Lurah Mendut, Purwoko Adi Nugroho, mengungkapkan rasa duka yang mendalam atas kehilangan tersebut. “Mereka adalah guru-guru yang tulus mengabdi. Tak ada yang menduga niat baik takziah justru membawa mereka pada tragedi,” ujarnya dengan nada sedih.
Di antara korban selamat, terdapat Ladis (sopir truk Fuso), Paiman (pemilik rumah), Umiyatin (istri Paiman), Ayu Salwa, Mila Mudianawati, dan Sufita. Mereka masih dalam perawatan intensif akibat luka-luka yang cukup serius.
Menurut warga sekitar, para guru tersebut dikenal ramah dan sering terlibat dalam kegiatan sosial di kampung. “Baru saja kemarin mereka mengadakan bakti sosial di sekolah. Saya tidak menyangka, mereka pergi dengan cara seperti ini,” ujar Sugeng, warga Mendut.

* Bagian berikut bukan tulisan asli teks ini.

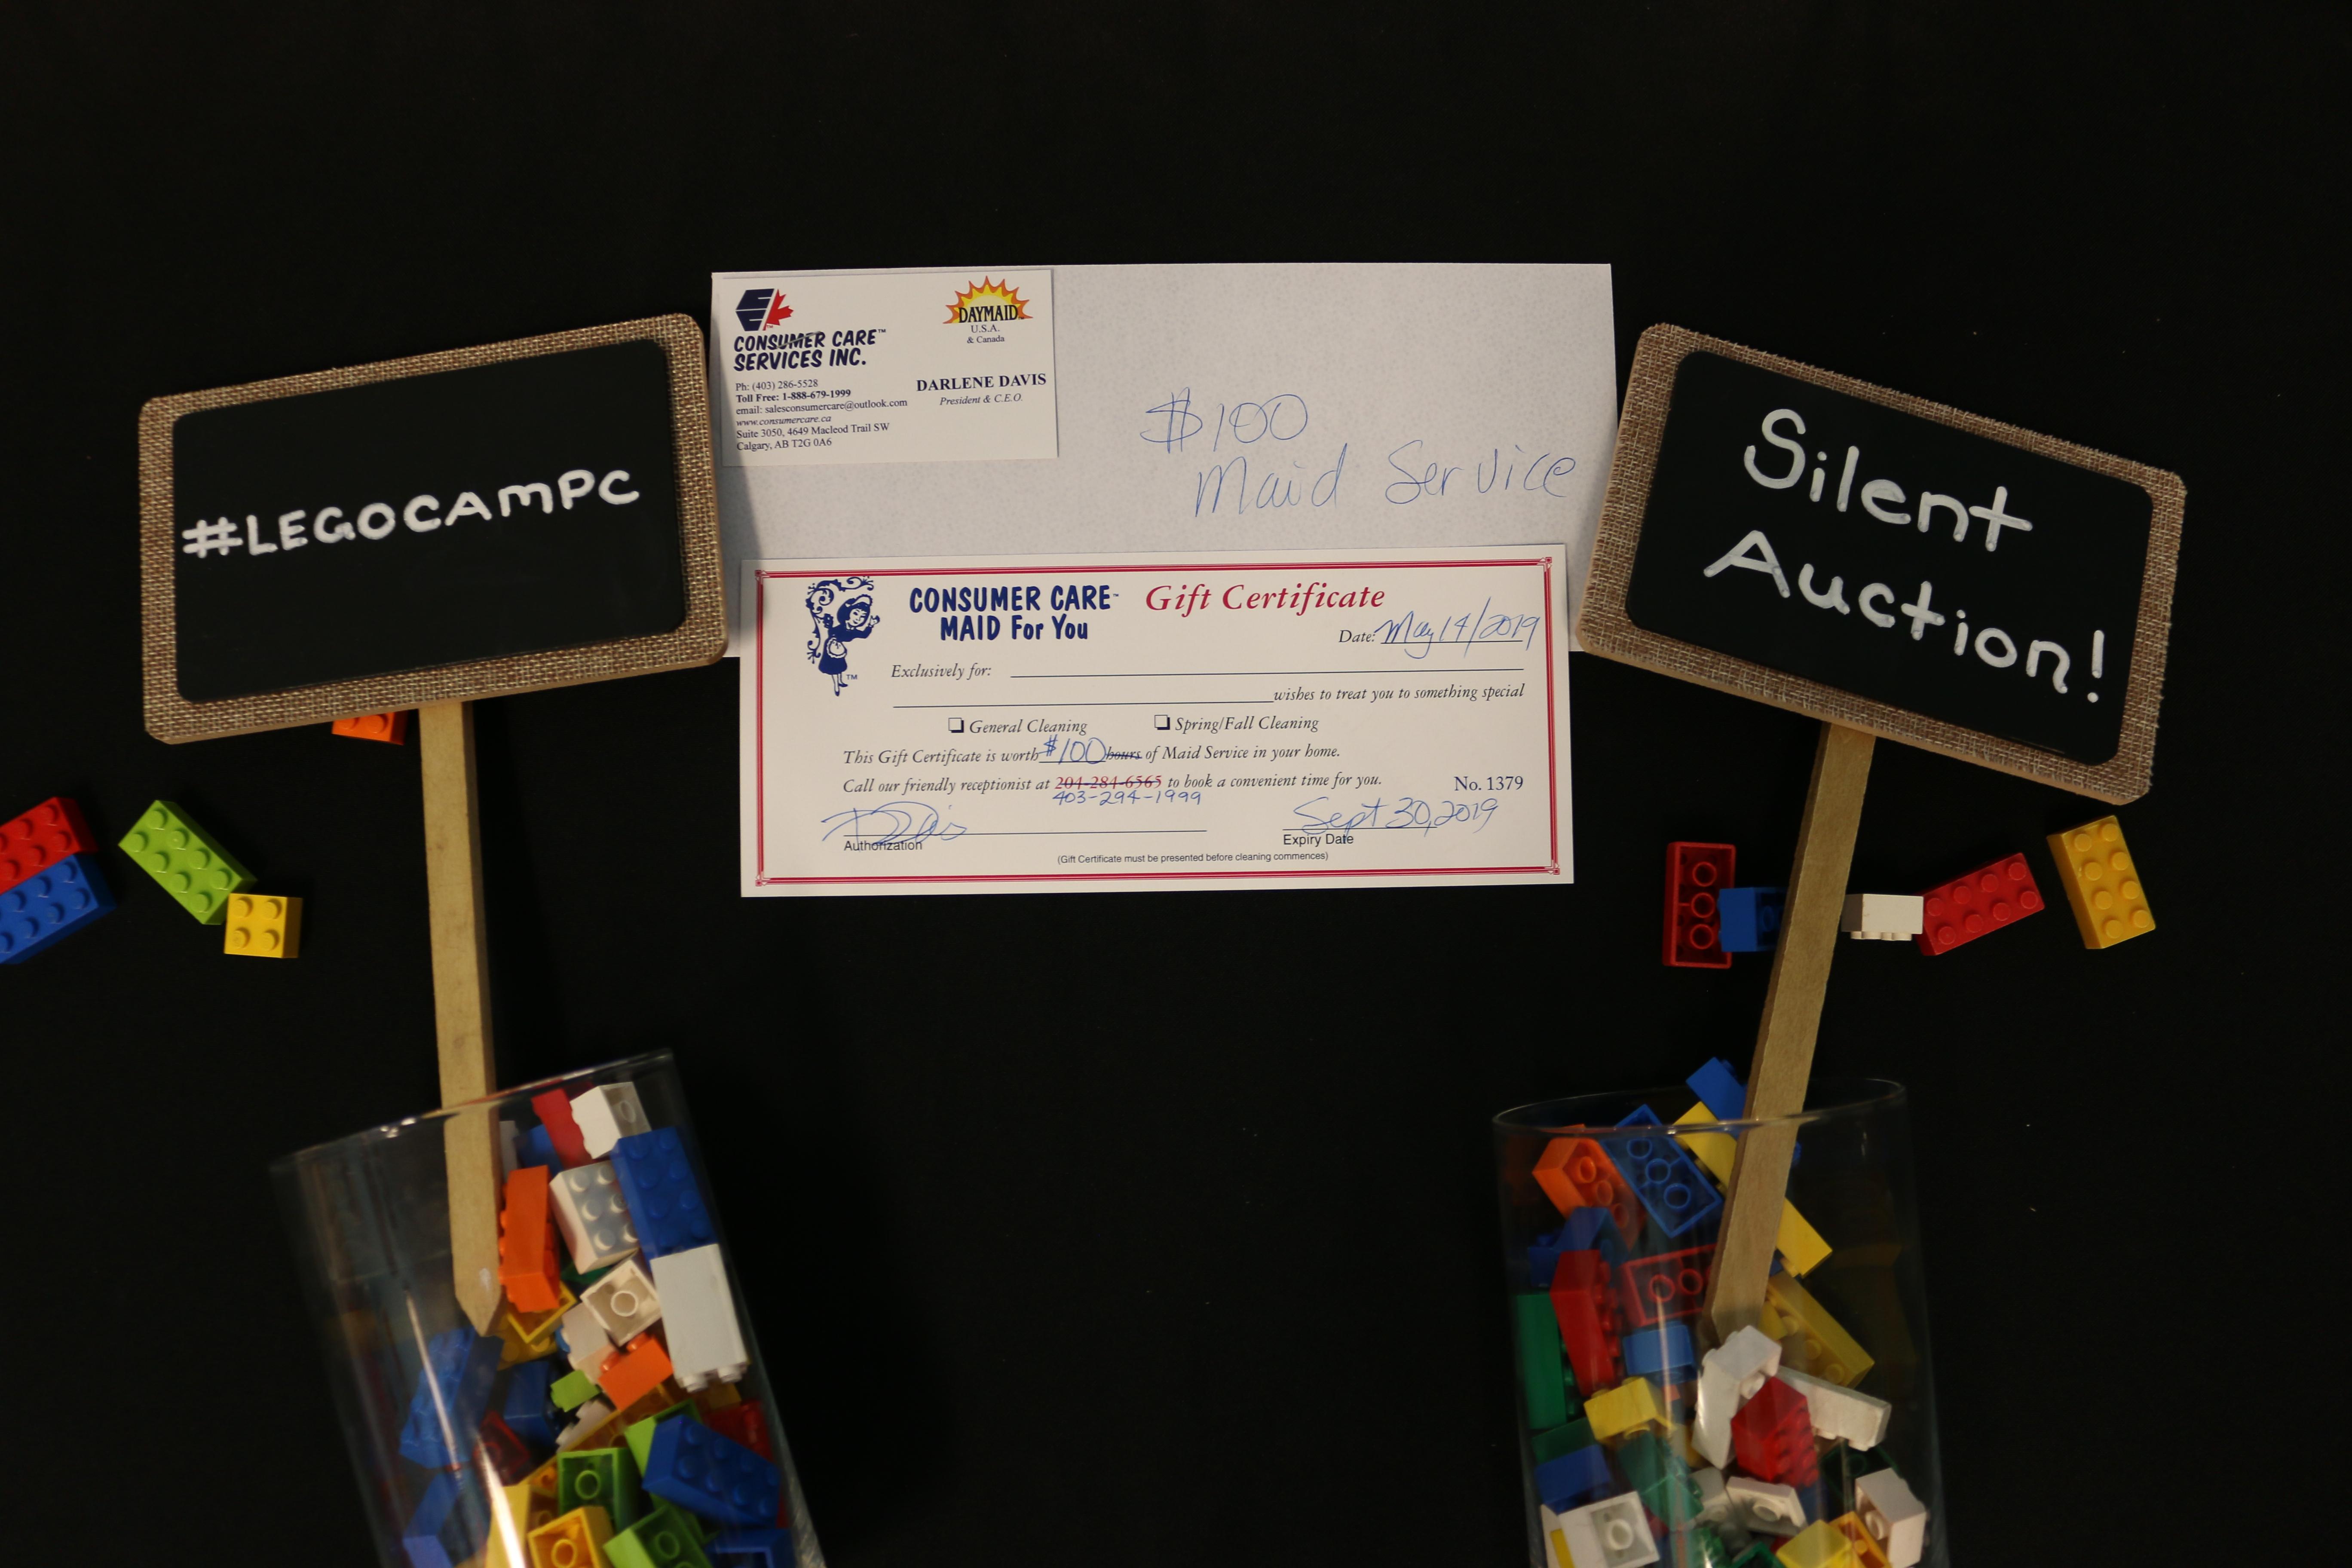 Consumer Care $100 Gift Certificate
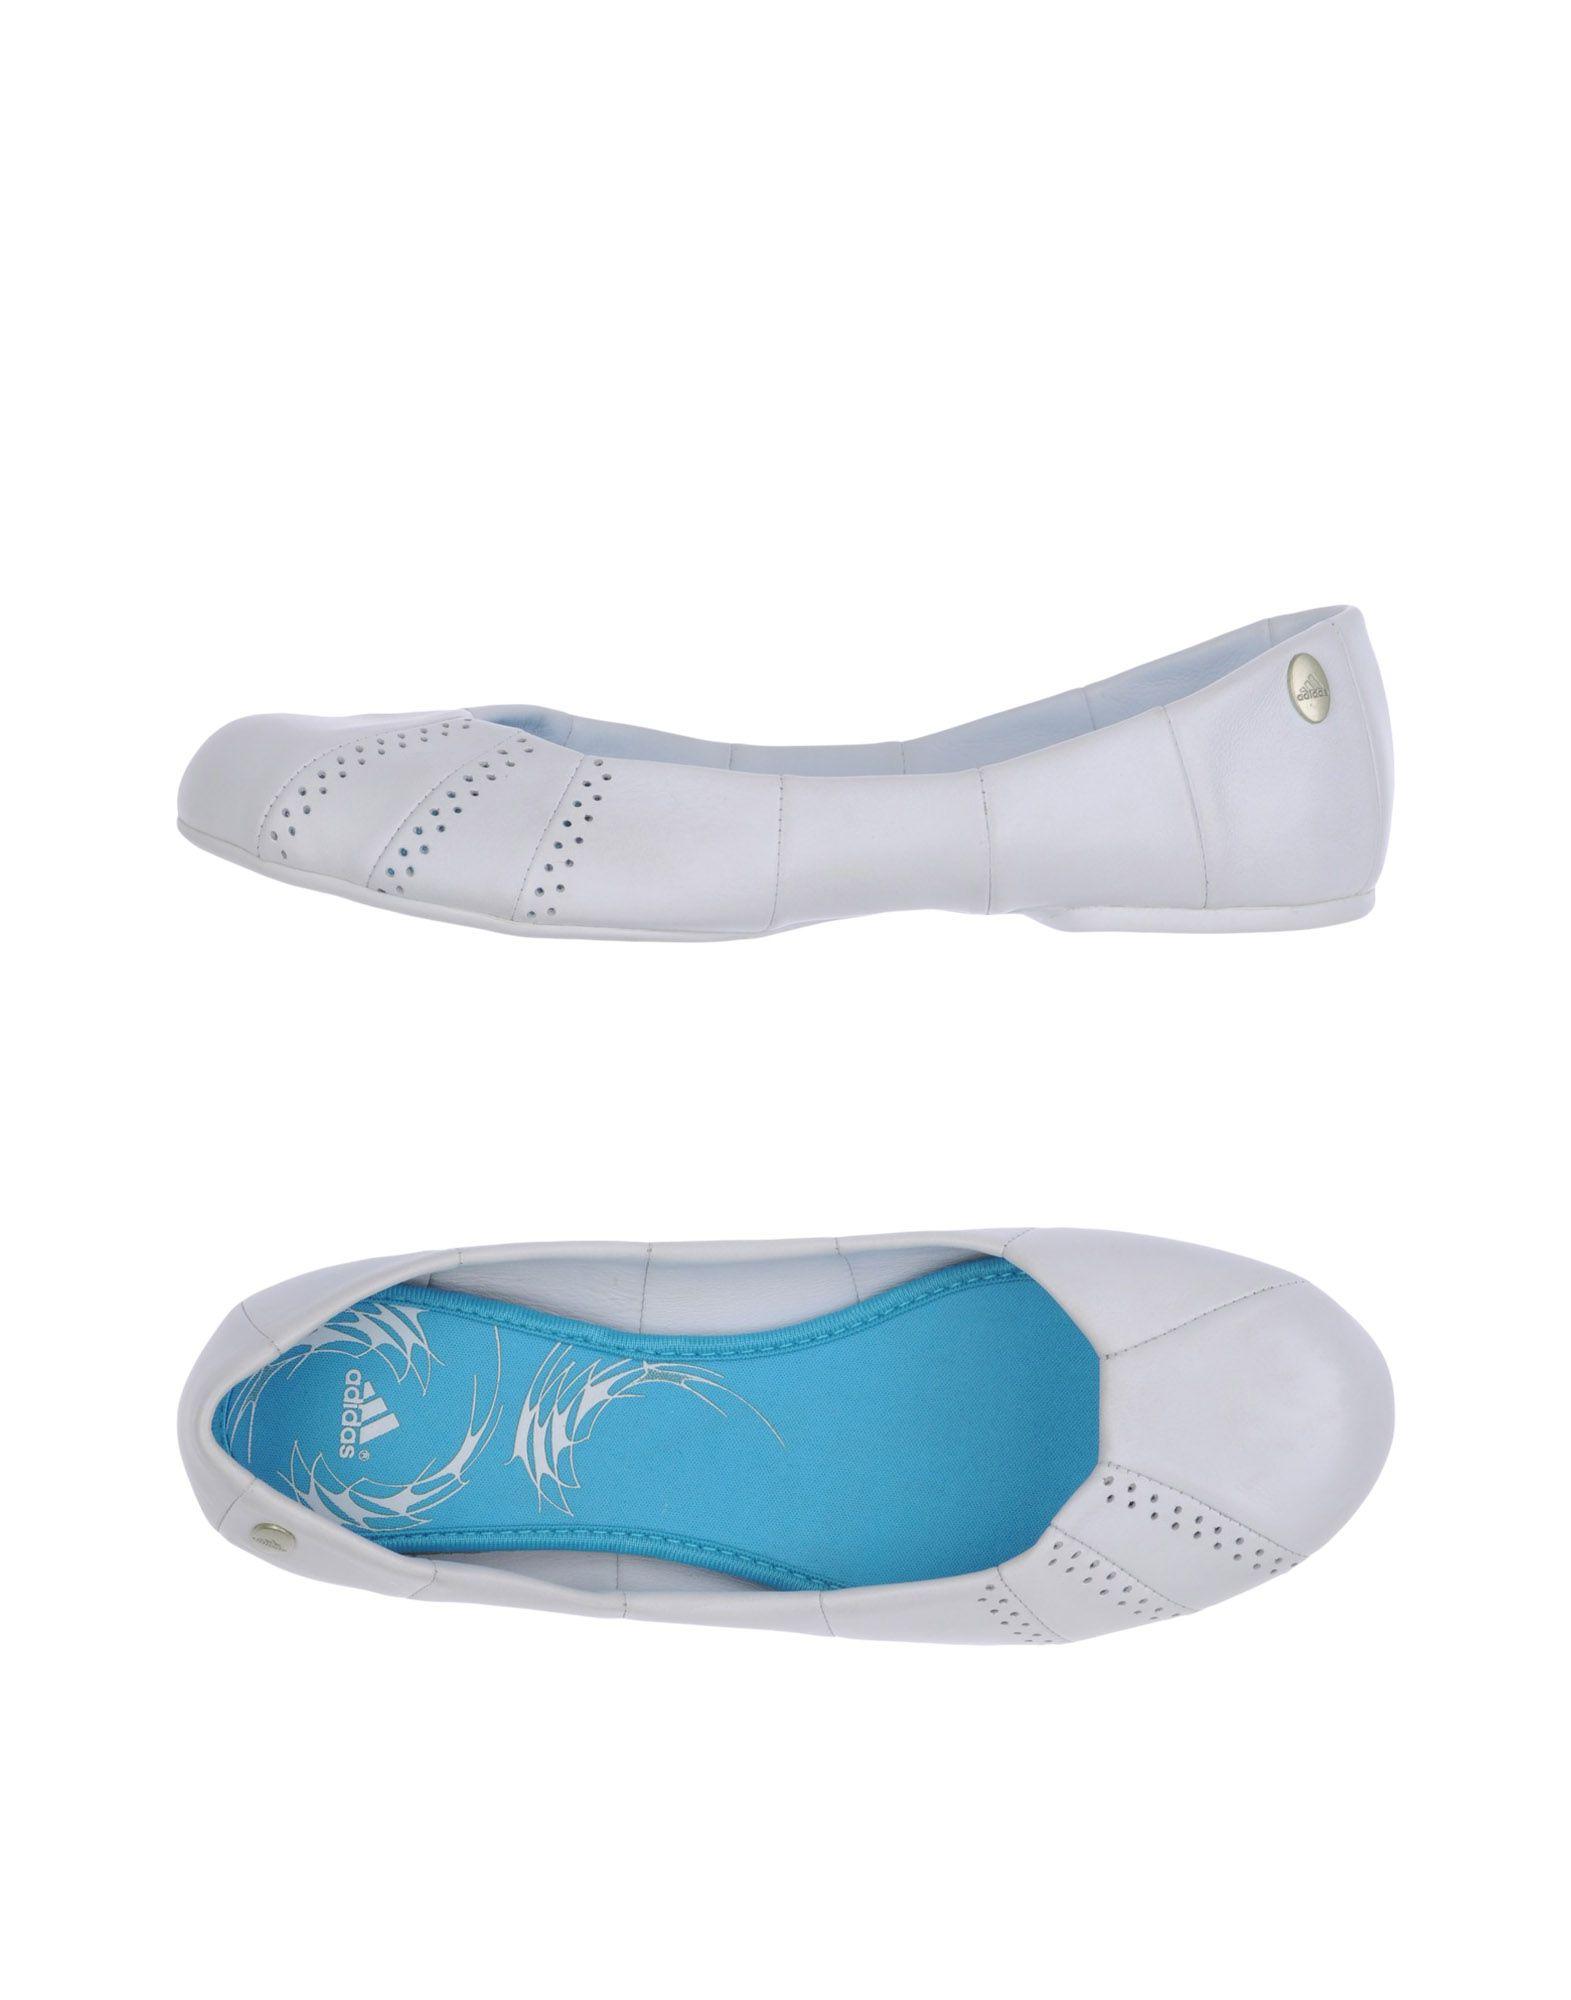 Moda Ballerine Adidas Donna - 11305325VF

Tak hanya warga, rekan-rekan guru dari sekolah lain juga turut berduka. Mereka menggelar doa bersama di halaman sekolah sambil menyalakan lilin sebagai tanda belasungkawa. “Mereka adalah guru-guru yang berdedikasi, kami kehilangan orang-orang terbaik,” ujar Kepala Sekolah As Syafi’iyah.
Beberapa keluarga korban masih belum percaya dengan kabar duka tersebut. Mereka menanti kepastian di rumah sakit, berharap ada keajaiban meski sudah tahu kenyataan pahit yang menunggu. “Semalam masih ngobrol tentang rencana acara sekolah, sekarang sudah tidak ada,” ujar salah satu kerabat korban.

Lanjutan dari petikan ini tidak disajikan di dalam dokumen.